The first day of the Hebrew month of Elul arrived concurrently with a total solar eclipse - the first in 37 years over the contiguous United States.  Ironically, this is a perfect introduction to the sacred tasks that lay before us as we prepare to enter into the Yamim Noraim – the High Holy Days.  Many of us donned our protective glasses and sat outside with our heads tilted skywards and watched as the sun gradually disappeared into the moon’s shadow.  Here in Denver, we were not able to see the sun become completely blocked, but the effect of watching the sudden darkness that passed over us was powerful nonetheless.

In scientific terms, the moment of “totality” – when the eclipse is complete and only the sun’s corona is visible – provides a rare glimpse into the mysteries of the brilliant orb around which our planet revolves.  For a brief moment, scientists are able to directly measure the intensity of the sun’s energy and huge amounts of data are gathered and analyzed so that we can learn more about our solar system.

In many ways, the month of Elul resembles an eclipse – albeit on a more regular and sustained basis.  For four weeks, our tradition teaches, we are given an opportunity to strip away the filters and biases that conceal us from our true selves and focus on the sacred work of cheshbon hanefesh – ‘taking an inventory of our souls.’ During this sacred season, we look closely at our relationships, thoughts, deeds, fears, and dreams. We do this so that we can enter into the Yamim Noraim – the Days of Awe – spiritually and personally renewed and prepared for the process of teshuvah (repentance/returning).

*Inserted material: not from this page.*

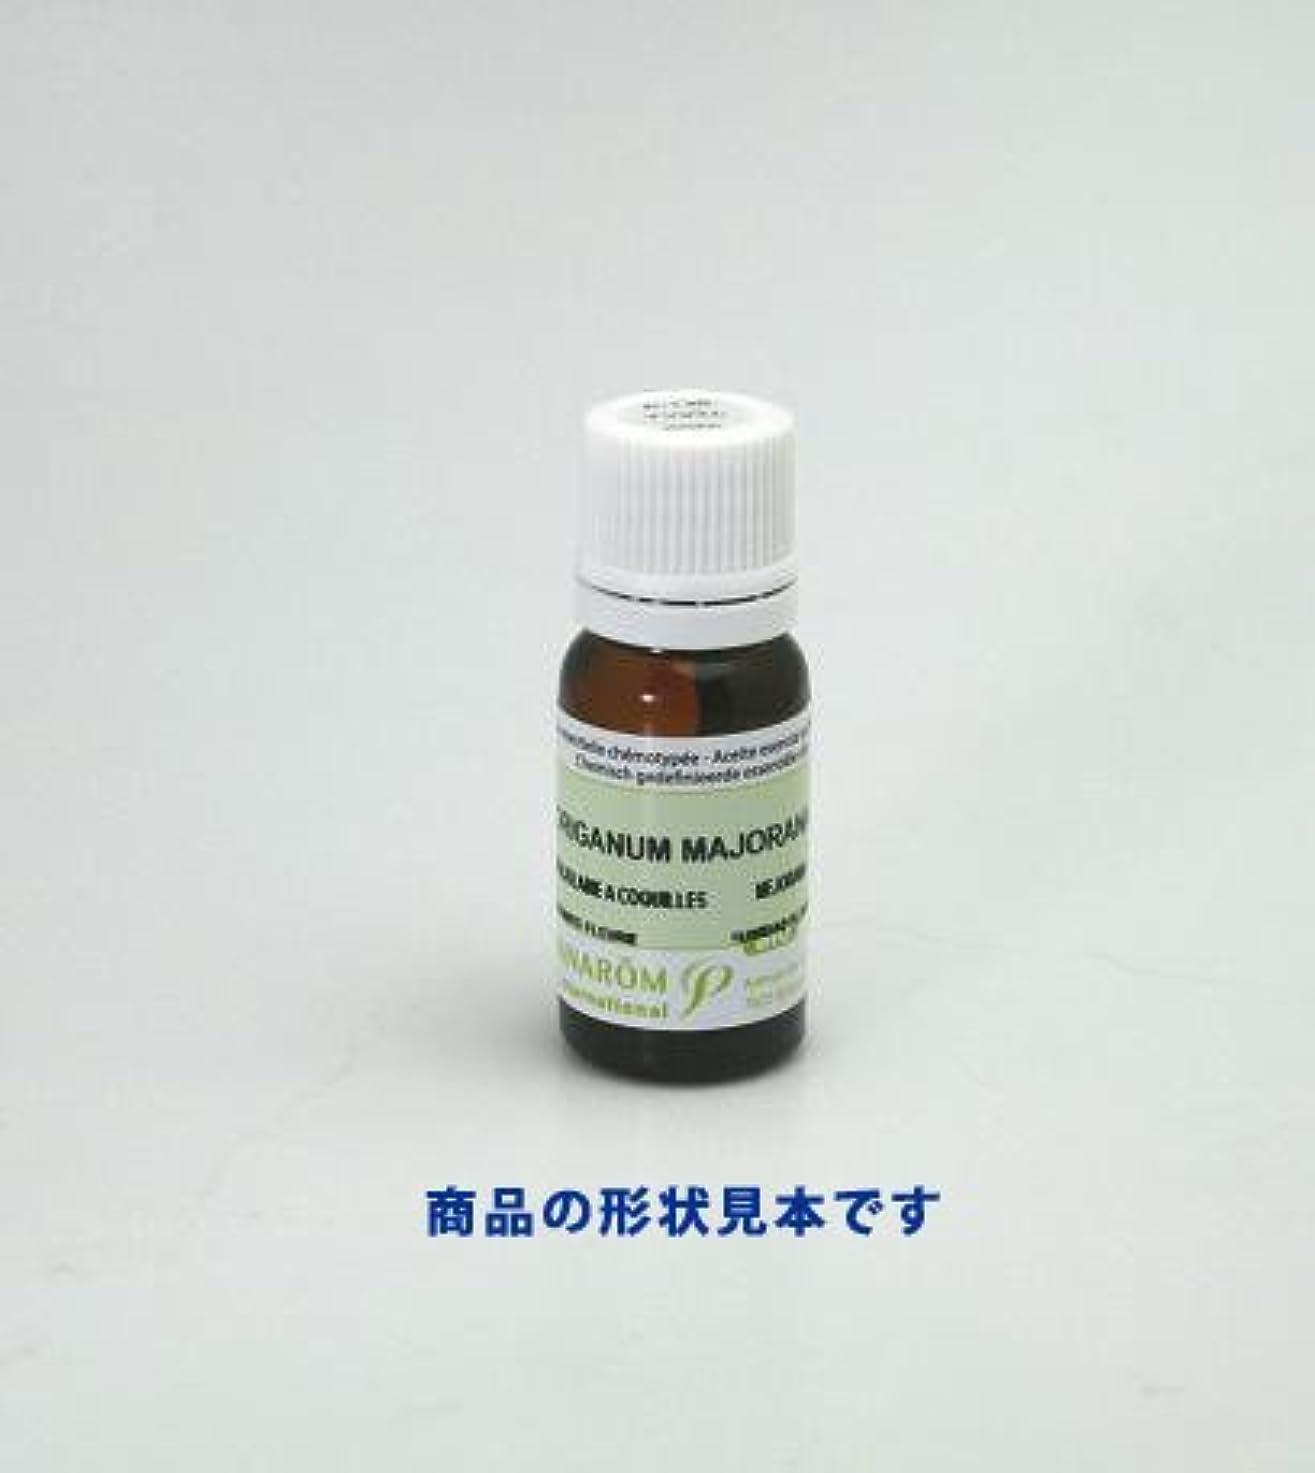 グレートバリアリーフ調子脊椎プラナロム社製精油:P-116 アルベンシスミント

Our tradition teaches that the month of Elul is when we ask those around us whom we have wronged to forgive us for our actions. We are also commanded to forgive those who ask us as well.

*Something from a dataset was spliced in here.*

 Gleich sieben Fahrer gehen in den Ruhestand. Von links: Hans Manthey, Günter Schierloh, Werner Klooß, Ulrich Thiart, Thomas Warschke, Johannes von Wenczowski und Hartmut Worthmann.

As we reflect back over the past year, it is important that we put every aspect of our lives into perspective. As in previous years, during the month of Elul I will be sending out weekly lists of seven questions (one for each day of the week) to members of our community and to all who wish to receive them. These questions are designed to help us examine our lives in all of the varied aspects and arenas in which we live: Communal, Spiritual, Physical, and Interpersonal. Hopefully, by answering these questions we will be better prepared to enter into the New Year. The purpose of these questions is not to make us feel bad or unworthy, but rather to “nudge” us into looking at these vitally important aspects of our lives. There will be seven questions in each list – one to consider each day of the week.

I welcome your comments and suggestions for additional questions and formats that we can use.   If answering these questions causes you to want to speak to one of the Temple clergy, Rabbi Immerman, Cantor Sacks and I would welcome the opportunity.  Note that all of these materials will also be available in hard copy at the Temple Office.  They also will be posted on my blog and linked to both the Temple website and Facebook page. If you know of anyone else who might want to receive these mailings – whether or not they are members of the congregation - please contact the Temple office and we will be happy to send them.

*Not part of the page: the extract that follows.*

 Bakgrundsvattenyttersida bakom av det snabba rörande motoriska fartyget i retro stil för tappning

Week One: Our Communal Selves
Being part of a synagogue means that we are committed to the concept of building a strong community. Together at Temple Emanuel we study, pray, socialize, commit to social justice, celebrate joyous occasions, and find comfort during times of difficulty. Building and sustaining our kehila kedosha (sacred community) is not always easy.  It requires that we work together to create and sustain multiple portals of entry so that every member finds a place where they feel fulfilled and useful.
The following are a few questions designed to help us explore our communal selves as we begin the process of cheshbon hanefesh:
  1. Have I taken advantage of the many opportunities for learning, prayer, social action, and culture that my congregation and community have to offer?
  2. Have I taken my own comfort for granted and “looked the other way” when I saw poverty or despair in my community?
  3. Have I allowed the current political divisions to damage my perspective on our common values?
  4. When I am at synagogue, have I done all that I can to make others feel welcomed in the same way that I want to feel welcome?
  5. When asked to help support the important institutions in my community, have I given as much as I could or should?
  6. Regardless of political perspective, have I been vocal in my support of the State of Israel?
  7. When confronted with change, have I been open to new possibilities and opportunities?

These questions are in no way complete.  They are designed to help all of us to begin the process of looking deep within ourselves and our souls as we enter into the month of Elul. Again, we want to hear from you. If you have thoughts, questions, or comments about anything we encourage you to let us know.

Like a solar eclipse, this sacred time provides us with a rare opportunity to see ourselves in a new light. May we utilize these and all of our questions to help us to gain a better understanding of our communal selves.